Why we discard all rtt samples when only some of the acked skbs have been retransmited in processing ack?

netdev.vger.kernel.org archive mirror
 help / color / mirror / Atom feed

* Why we discard all rtt samples when only some of the acked skbs have been retransmited in processing ack?
@ 2013-09-17  4:01 LovelyLich
  2013-09-17  5:11 ` Eric Dumazet
  0 siblings, 1 reply; 4+ messages in thread
From: LovelyLich @ 2013-09-17  4:01 UTC (permalink / raw)
  To: Eric Dumazet; +Cc: netdev

Hi Eric,

In tcp_clean_rtx_queue(), we set the flag FLAG_RETRANS_DATA_ACKED when we

encounter one ever retransmited skb A. But if there is one( or more) skb B

after this retransmited skb, and we calculate the rtt for skb B. The question

is because we have set the flag FLAG_RETRANS_DATA_ACKED, and we will just

return in tcp_ack_no_tstamp() !

Two questions:

1. if we will just ignore all packets in this ack, we do not need to calculate

skb B's rtt sample.

2. what I want to know, even if A's rtt sample is not reliable, but B's rtt

sample can be trusted. Why we discard it ?

Thanks in advanced.

regards,

Yi

^ permalink raw reply	[flat|nested] 4+ messages in thread

* Re: Why we discard all rtt samples when only some of the acked skbs have been retransmited in processing ack?
  2013-09-17  4:01 Why we discard all rtt samples when only some of the acked skbs have been retransmited in processing ack?
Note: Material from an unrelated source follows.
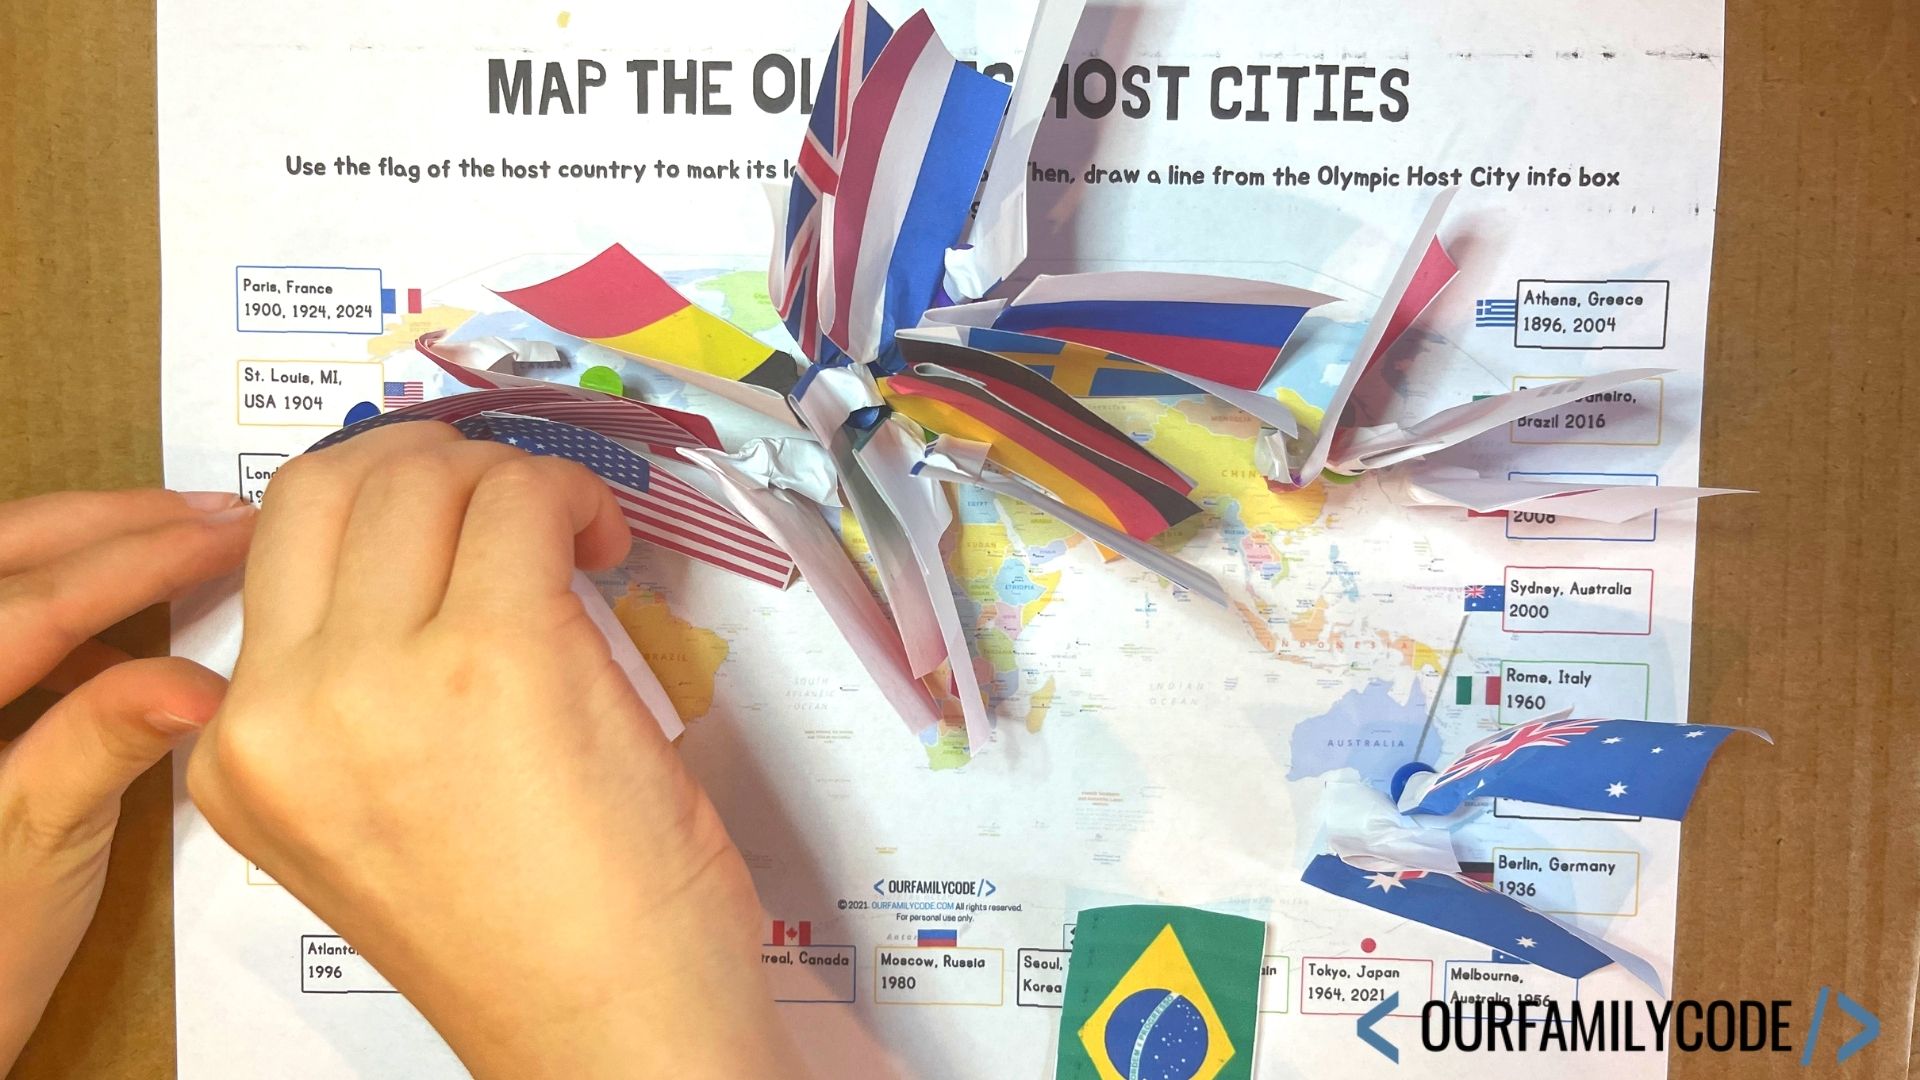 A picture of Olympic host cities on a printed map with cardboard underneath it and printed national flags made into map markers.

LovelyLich
@ 2013-09-17  5:11 ` Eric Dumazet
  2013-09-17 13:31   ` Neal Cardwell
  0 siblings, 1 reply; 4+ messages in thread
From: Eric Dumazet @ 2013-09-17  5:11 UTC (permalink / raw)
  To: LovelyLich, Yuchung Cheng; +Cc: netdev

On Tue, 2013-09-17 at 12:01 +0800, LovelyLich wrote:
> Hi Eric,
> 
> In tcp_clean_rtx_queue(), we set the flag FLAG_RETRANS_DATA_ACKED when we
> 
> encounter one ever retransmited skb A. But if there is one( or more) skb B
> 
> after this retransmited skb, and we calculate the rtt for skb B. The question
> 
> is because we have set the flag FLAG_RETRANS_DATA_ACKED, and we will just
> 
> return in tcp_ack_no_tstamp() !
> 
> Two questions:
> 
> 1. if we will just ignore all packets in this ack, we do not need to calculate
> 
> skb B's rtt sample.
> 
> 2. what I want to know, even if A's rtt sample is not reliable, but B's rtt
> 
> sample can be trusted. Why we discard it ?
> 
> 
> 
> Thanks in advanced.
> 

Good point !

Yuchung, what do you think of following patch ?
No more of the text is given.